O capitalismo como sistema econômico se fortaleceu com base nos princípios da meritocracia. Ou seja, terá melhores condições e melhores salários aquele que trabalhar mais e melhor. A igualdade de direitos estaria estabelecida por questões de tempo. Os mais pobres, logo, teriam melhores condições de vida. O acúmulo de valores proporcionaria à população formas mais justas de sobrevivência. Porém, com o passar do tempo e com várias mudanças estruturais, a ideia do acúmulo de bens materiais cresceu, e a cada dia a desigualdade social aumenta, sustentada pelo objetivo de acumular. Segundo a ONU (2012), mais de 50% da riqueza do mundo pertence a apenas 2% da população, os outros menos de 50% são divididos, ainda de modo desigual, por 98% da população.

Essa desigualdade caracteriza a divisão de classes sociais estabelecidas e fortalecidas pela maneira como funciona este sistema, que de modo injusto estabelece padrões de vida que marcam a história de sujeitos que, mesmo sendo considerados como seres ativos e capazes de suas escolhas, estarão limitados à quantidade de escolhas menor do que as classes mais favorecidas. Partindo da constatação da desigualdade, Marx (1818-1883) conclui que o contexto social regido pelo capitalismo compõe um cenário de luta de classes. Uma luta permanente em que trabalhadores batalham para conquistar, garantir e manter direitos.

A ideia de trabalho para o capitalismo está determinada pela condição de valor e pela relação de troca. Ou seja, a realização de determinada atividade está implicada na condição de receber algo em troca, o que o sistema chama oficialmente de salário. O salário representa a quantia de dinheiro a ser recebida no final de cada mês de trabalho. Essa condição afetou de modo profundo todas as relações sociais deste sistema.

Marx também responsabiliza a transformação nas relações familiares; a ideia de sobreviver sob a necessidade de manter um trabalho submeteu o trabalhador a condições diversas, incluindo a precariedade nas condições do exercício do trabalho e a ausência do lar. O sistema determinou aos trabalhadores períodos exaustivos de dedicação ao trabalho, tirando, assim, do sujeito o direito de permanecer por mais tempo com a família. As condições de vida de mulheres e crianças também foram afetadas, seja por conta da exploração de mão de obra ou

pela desvalorização, no caso das mulheres, com relação aos afazeres domésticos, atividades não remuneradas, sem valor de troca.

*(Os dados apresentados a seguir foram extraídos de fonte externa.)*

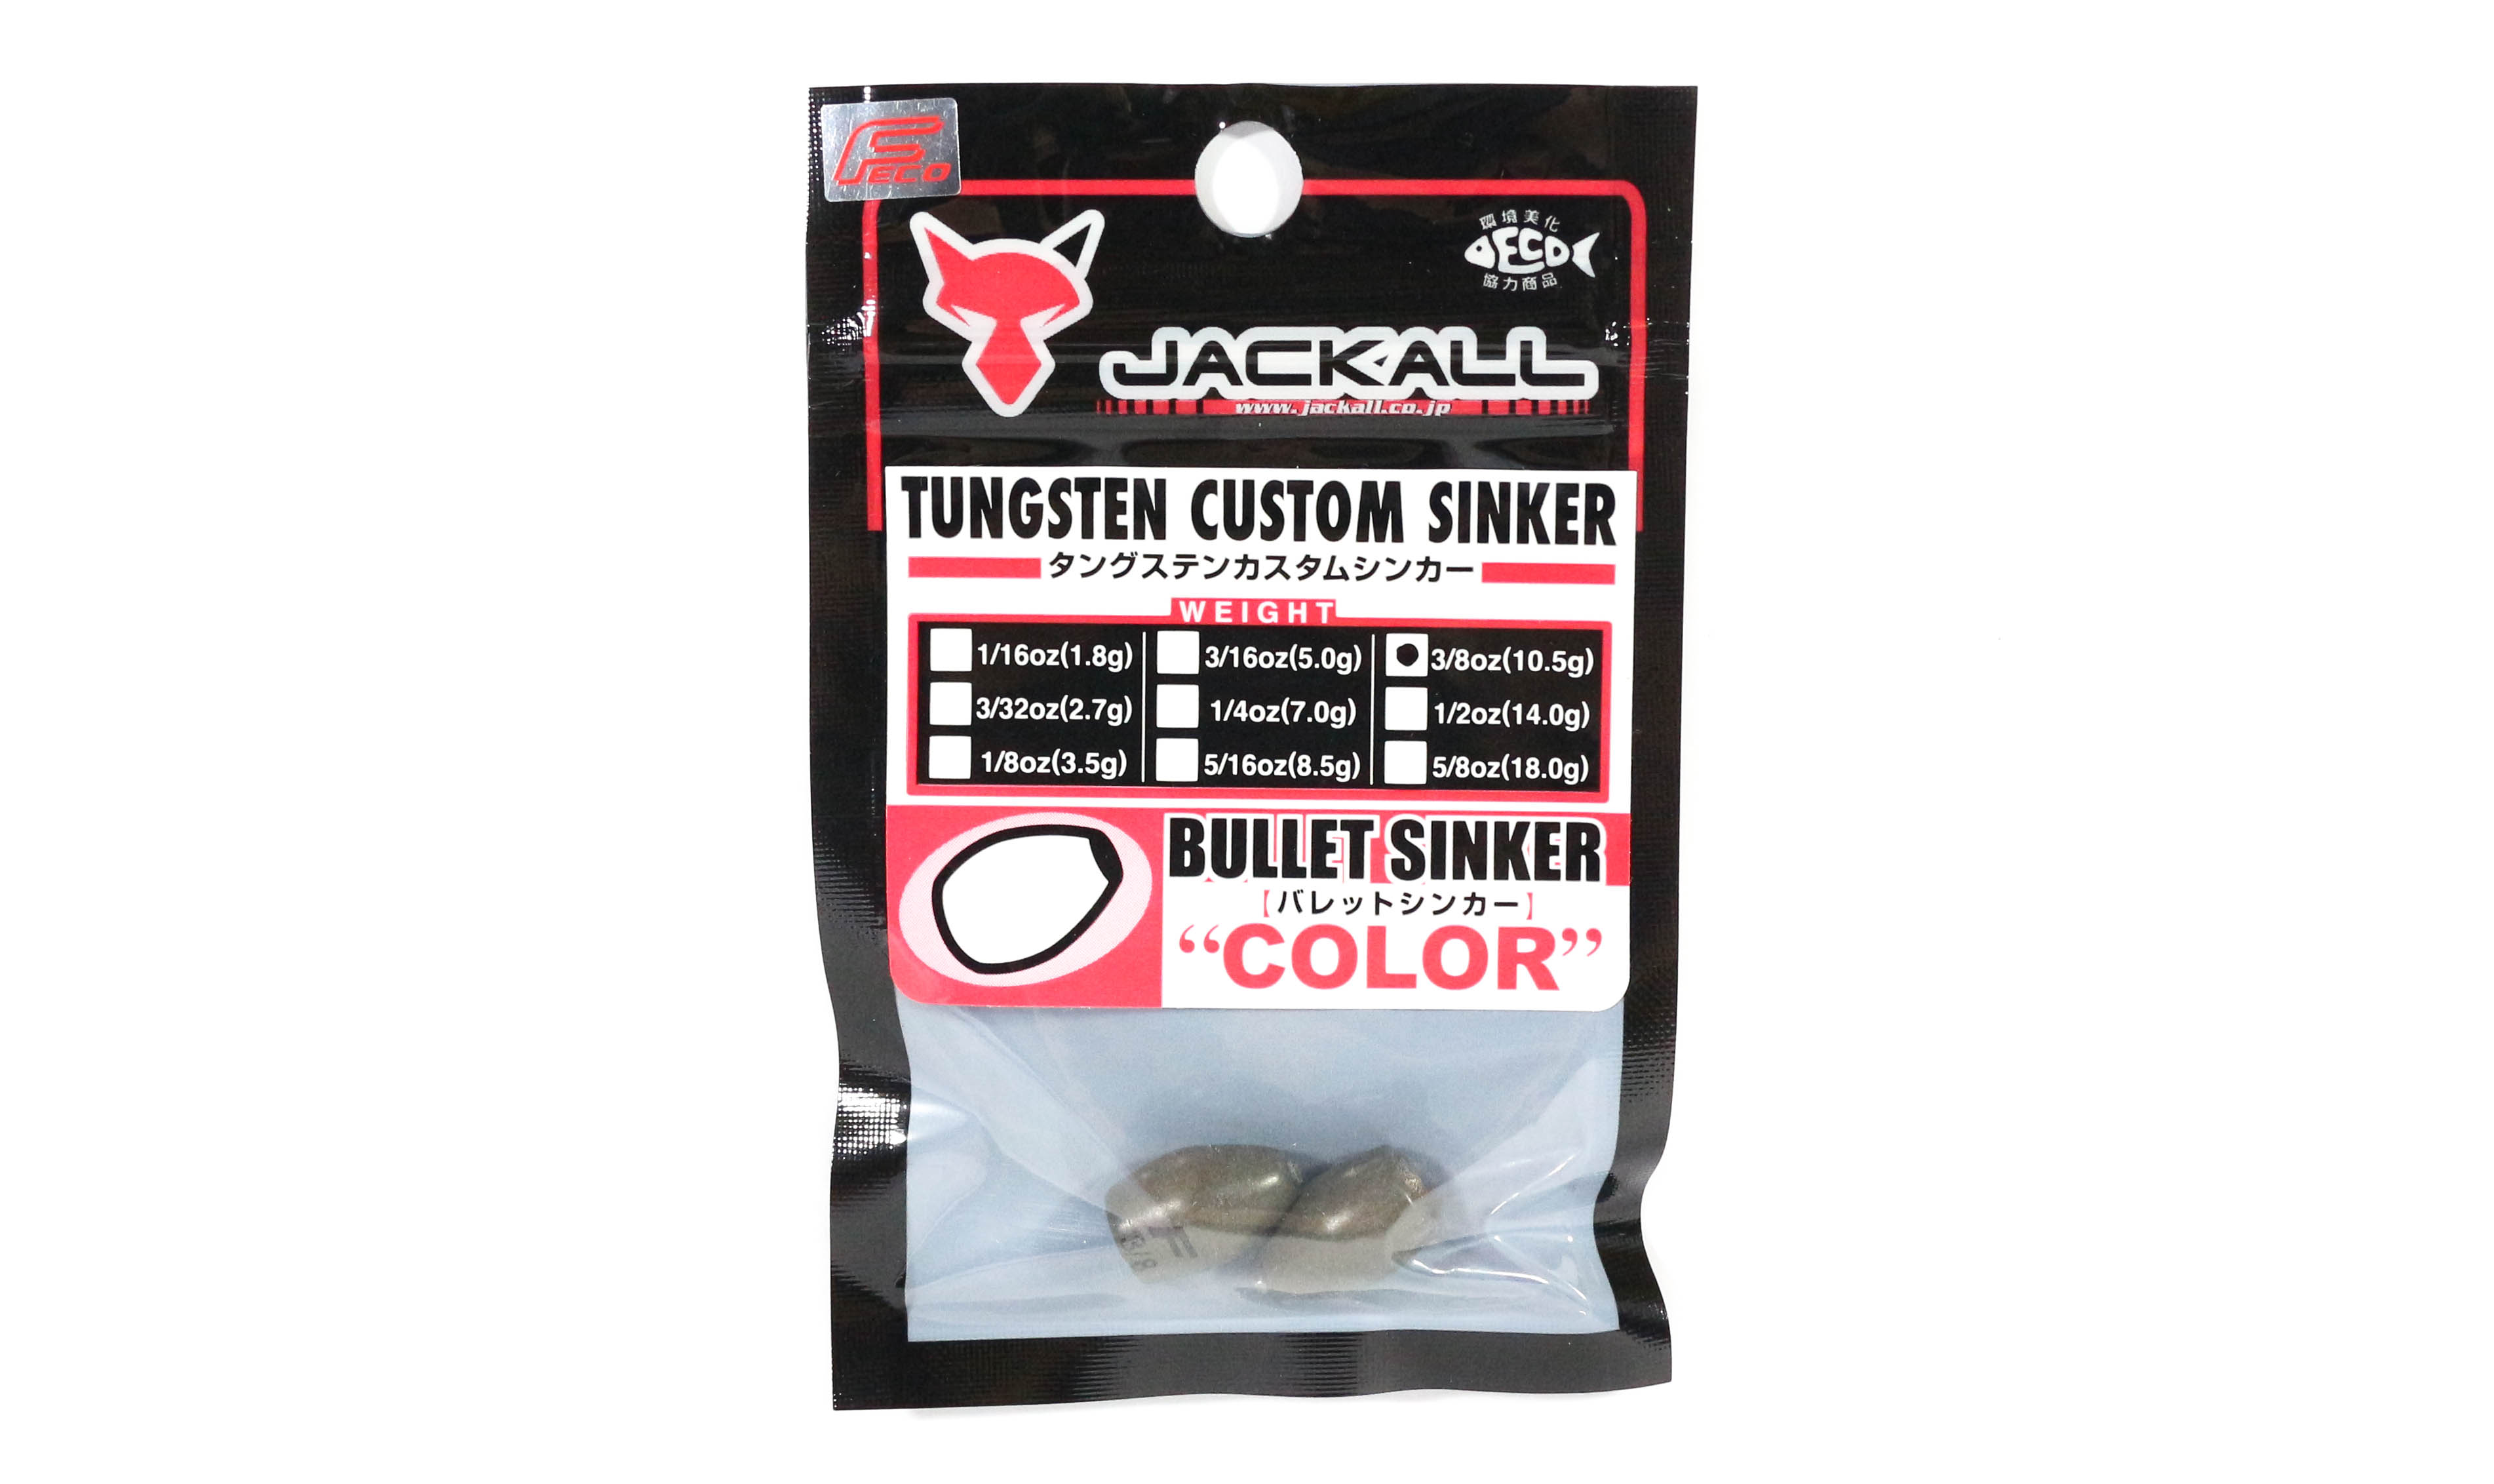 Jackall Tungsten Bullet Sinker Color 10.5 Grams - 2 Pcs Per Pack (5497)

A burguesia desnudou de sua auréola toda ocupação até agora honrada e admirada com respeito reverente. Converteu o médico, o advogado, o padre, o poeta e o cientista em seus operários assalariados. Ela arrancou da família o seu véu sentimental e reduziu a relação familiar a uma mera relação de dinheiro. (MARX, 1998, p. 14)

Essa desvalorização das atividades não remuneradas afetou profundamente os sentidos da ação humana, que, submetida à égide do valor remunerado, da troca, prioriza como aspecto teleológico as quantias que poderão ser recebidas de modo concreto, em moeda. Condição que legitima de modo declarado ou subliminar sentidos subjetivos nessa dimensão histórica, profundamente afetada e estabelecida pela relação de troca. E o que se troca? Troca-se a vida por toda e qualquer condição concreta de valor estabelecido pelo sistema econômico e social, por dinheiro.